# Nationality of composer + orchestra + conductor?



## mirepoix (Feb 1, 2014)

Excuse me if this has been asked and answered before, but I assure you I've searched the site via Google and found nothing...
My question is this: do you believe it's worthwhile/there's any value in recordings where the nationality of the composer and orchestra and conductor are the same? I remember a review of a Martinon led performance where the phrase "...back in the days when French orchestras sounded French" was used. 
Thanks in advance for any answers, _ considered opinions_ or even whimsical thoughts.


----------



## Haydn man (Jan 25, 2014)

To try to answer your question, yes I do think it can make a significant difference and add value
Often orchestras and conductors of the same nationality are champions of composers of that same nationality. I am thinking here as a brit of the wonderful recordings of Elgar, Vaughan Williams, Delius etc by such as Handley, Boult and Marriner with several UK orchestras. I am aware we are lucky to have a large number of UK orchestras so making the task a bit easier.
The same seems to be true for American music with Bernstein etc but I defer to others on here with much greater knowledge than me.
But is Beethoven better with a German orchestra and conductor when the field for comparison is much more international and diverse then I am not so sure.
So maybe the answer is as always "it depends"


----------



## Couac Addict (Oct 16, 2013)

French orchestras use different instruments in the wind section so there's some importance with them playing French répertoire.
Considering the success Gergiev has with almost anything Russian, there may be some merit to your argument...or more likely he's just very good and happens to be Russian. :lol:


----------



## brotagonist (Jul 11, 2013)

I oftentimes come across reviews where it is suggested that only the Russian conductors/orchestras really understand the Russian composers, etc.

Performance is about interpretation, so why must a piece be interpreted better by someone of the same nationality? And that isn't necessarily the interpretation that will resonate with me the most. I just don't put much stock in it, but who am I to say?


----------



## elgar's ghost (Aug 8, 2010)

Shostakovich + Mravinsky + Leningrad PO. Despite the sonic limitations in general and the wet, rasping coughs on live recordings in particular, this combination is often unbeatable when it comes to the totally authentic warts-and-all Soviet musical experience. Whether any of the recordings themselves are definitive or not isn't particularly my priority in this case. However, it can't be denied that Mravinsky and Leningrad had much of the music in their blood before anyone else did, which possibly gives it a special 'edge'. 

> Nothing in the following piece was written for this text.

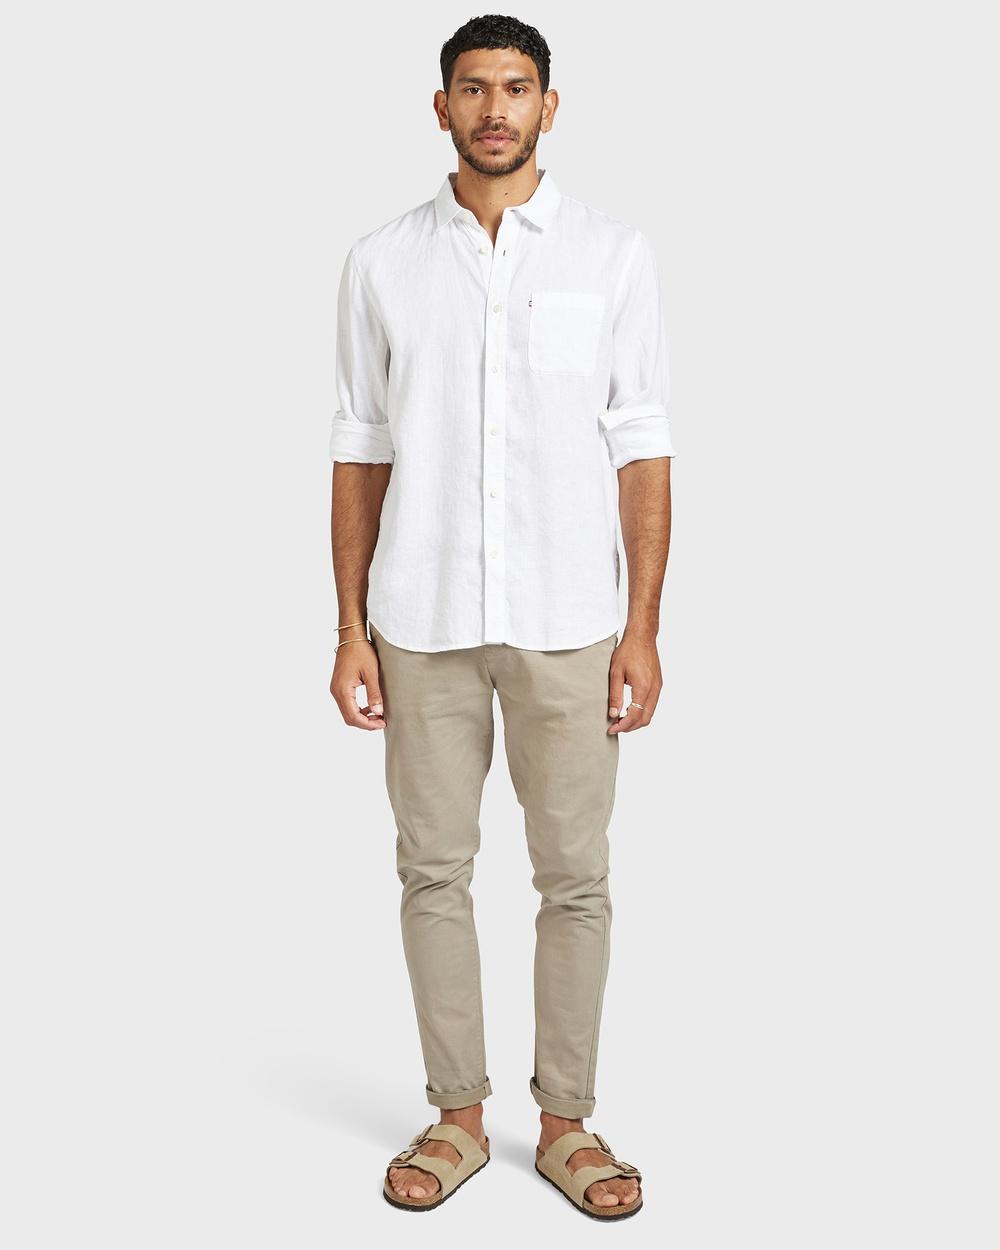 Academy Brand Cooper Slim Chino Pants Green

As a basic principle I do agree with Brotagonist's comments, though.


----------



## MoonlightSonata (Mar 29, 2014)

Couac Addict said:


> French orchestras use different instruments in the wind section so there's some importance with them playing French répertoire.
> Considering the success Gergiev has with almost anything Russian, there may be some merit to your argument...or more likely he's just very good and happens to be Russian. :lol:


What different winds do they use? I'm curious.


----------



## stevens (Jun 23, 2014)

Try to do a blindtest. Listen to a recording/performance and guess the nationality of the performers 
(im pretty sure that its impossible).


----------



## PetrB (Feb 28, 2012)

Couac Addict said:


> French orchestras use different instruments in the wind section...


LOL. You're sure going to have to write more than you did there -- you've raised questions vs. answering them


----------



## Headphone Hermit (Jan 8, 2014)

Sometimes, but only sometimes.

For example, Samson Francois played Chopin as if he were in a refined French drawing room whereas Rubinstein played as if he knew that a mazurka was a peasant dance from Mazuria with plasticity in the rhythmn and phrasing. Which one you prefer is, of course, up to you. Similarly there has been recent (brief) discussion on the performance of Berlioz that centred on the tradition within which the conductor developed. However, good interpretations can be from 'foreigners' - such as Sir Colin Davis' crucial work with Berlioz or Beecham with Sibelius.

In the past, there was more regional diversity in singing and playing and interpretation, I feel. The widespread use of recordings, increased ease of mobility of performers etc have led to greater homogenisation of performance and interpretation and so regional differences are less obvious. 

One could argue that a lot of the repertoire is now located in a central, ubiquitous tradition in which regional or national differences are downplayed. A shame, I think.


----------



## GioCar (Oct 30, 2013)

Possibly by having the composer+orchestra+conductor of the same nationality you'll have more *idiomatic* performances but I wouldn't say they are necessarily better.

This one










is widely considered one of the finest, although the composer is *American*, the orchestra is *German* and both conductor and soloist are *Italian*


----------



## Animato (Dec 5, 2013)

I don’t think there is any advantage with records composer+conductor+orchestra with same nationality (Russian orchestras playing Russian composers may be an exception).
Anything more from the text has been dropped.